GIVEN DATA >>
· · · ·
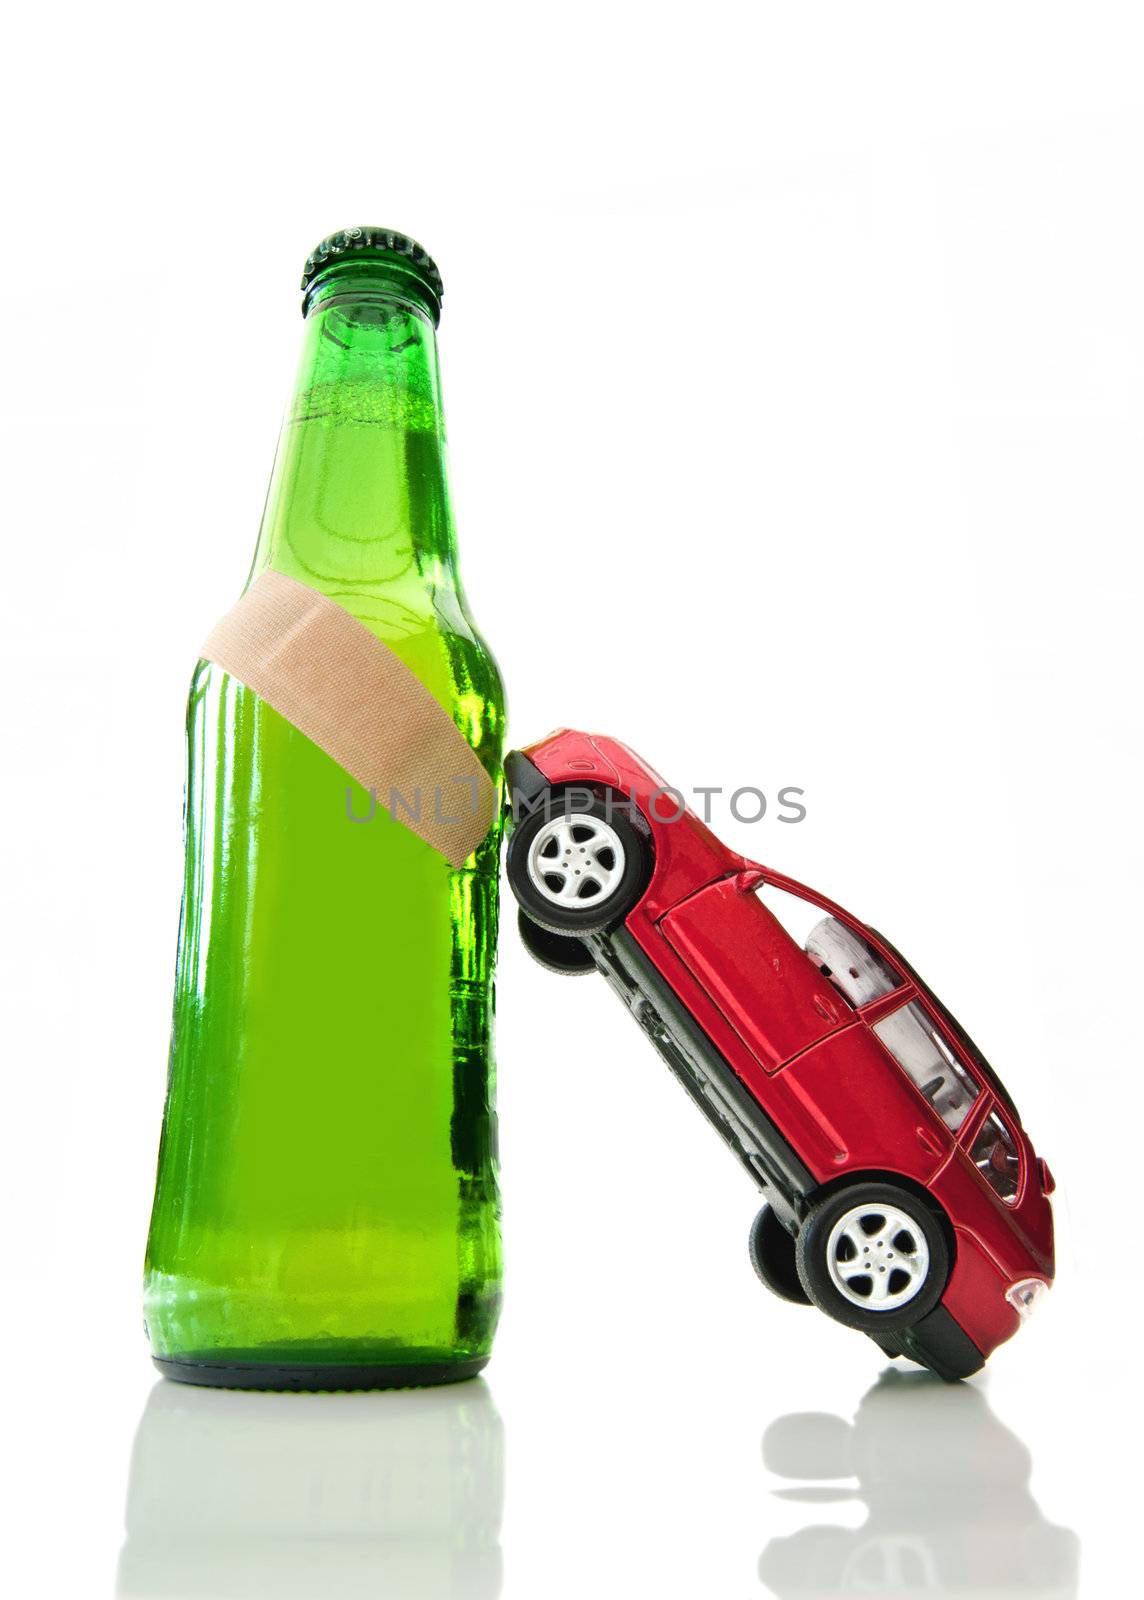 Miniature car leaning against a beer bottle with a band aid
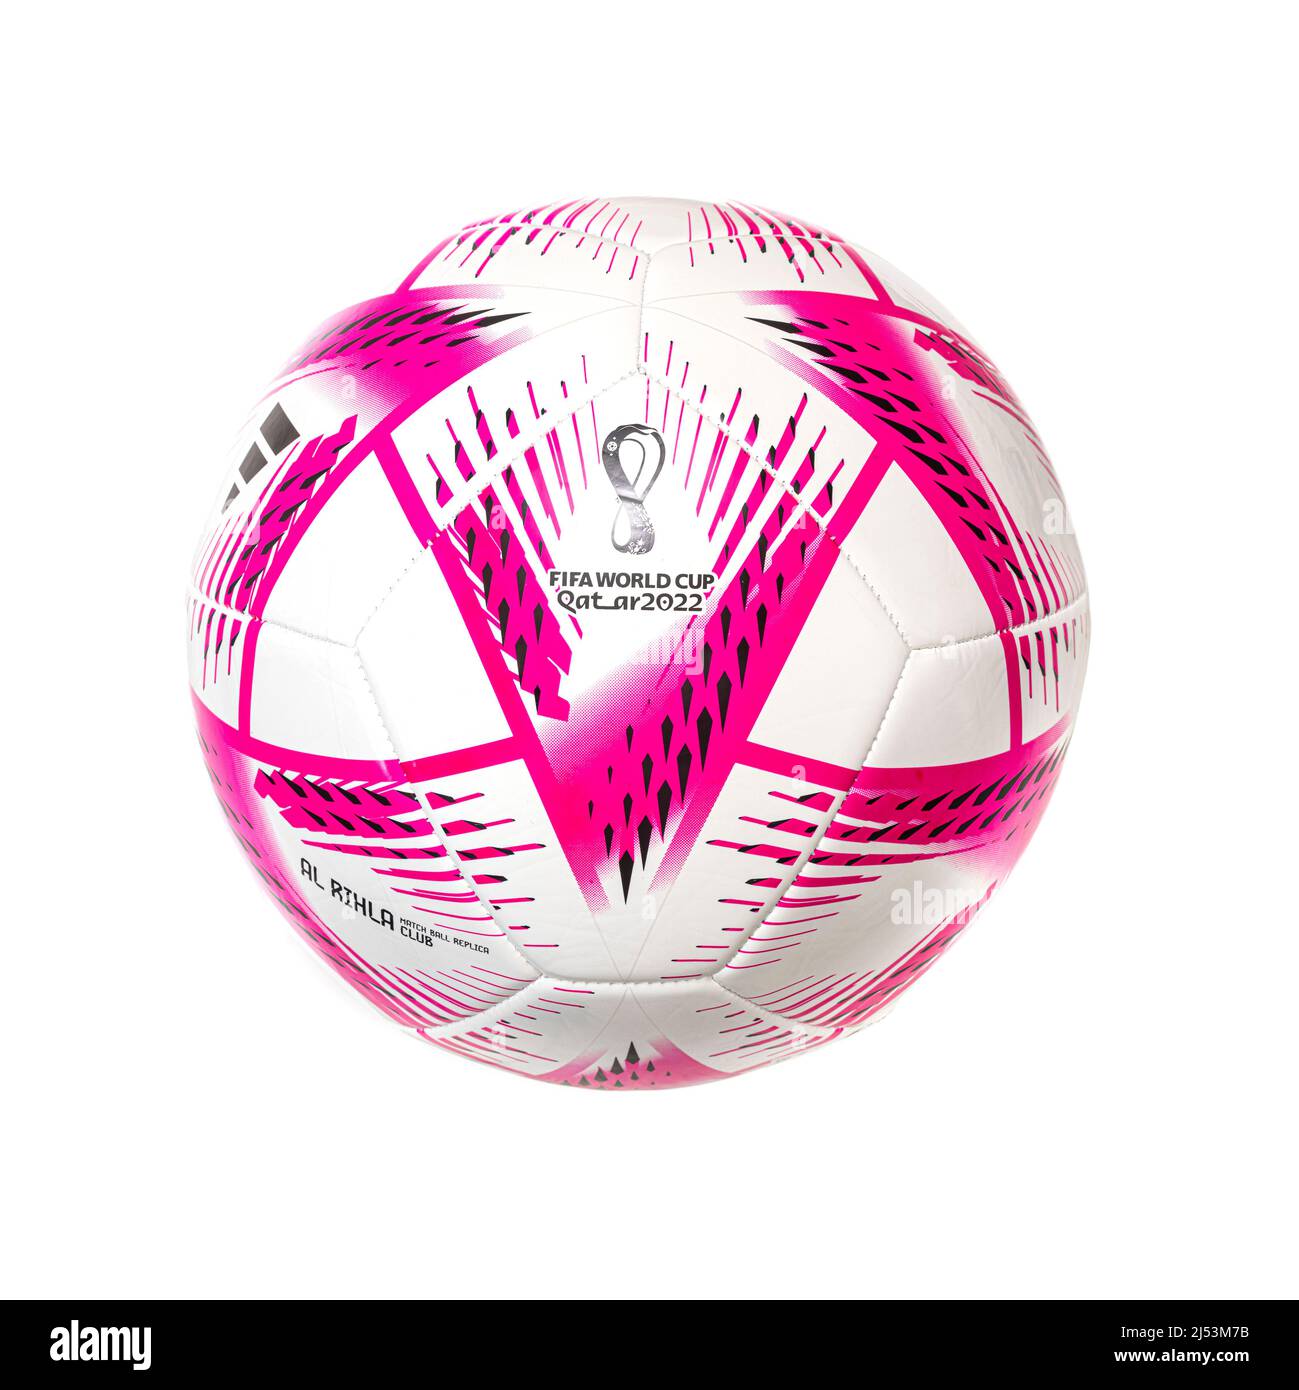 Qatar 2022 football world cup logo Cut Out Stock Images & Pictures - Alamy
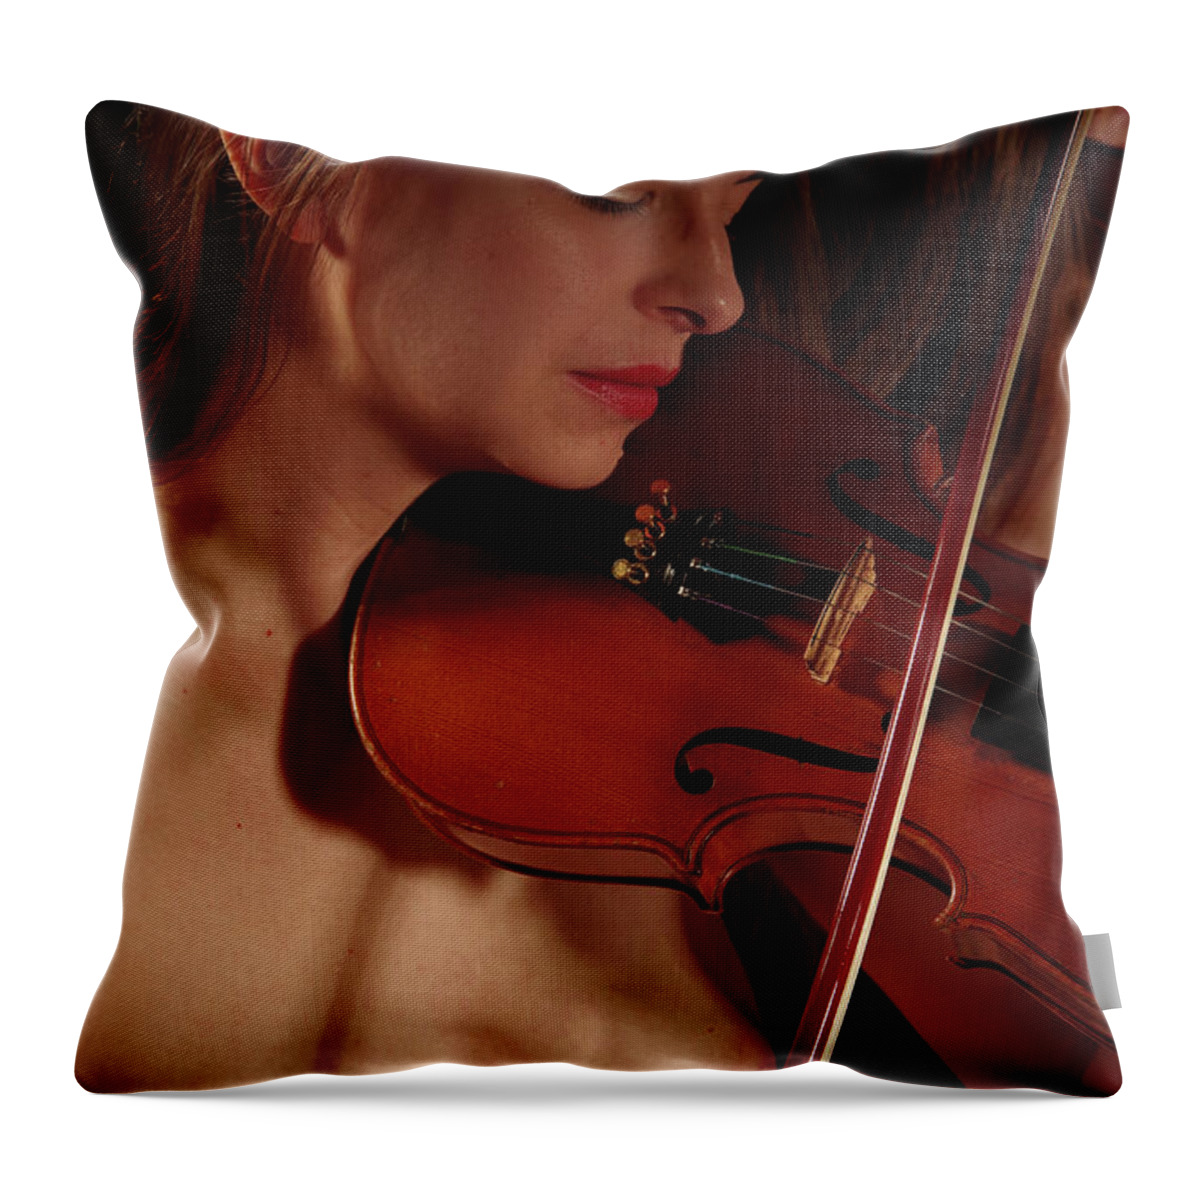 Nude Music Violin Throw Pillow featuring the photograph Kazt0935 by Henry Butz
· · · ·
TASK TO COMPLETE >> Quote, please, only the lines running from the one with "Qatar 2022 football" down to the final line of the data above, keeping both ends and skipping the pictures.

COMPLETED EXERCISE >>
 Qatar 2022 football world cup logo Cut Out Stock Images & Pictures - Alamy
 Nude Music Violin Throw Pillow featuring the photograph Kazt0935 by Henry Butz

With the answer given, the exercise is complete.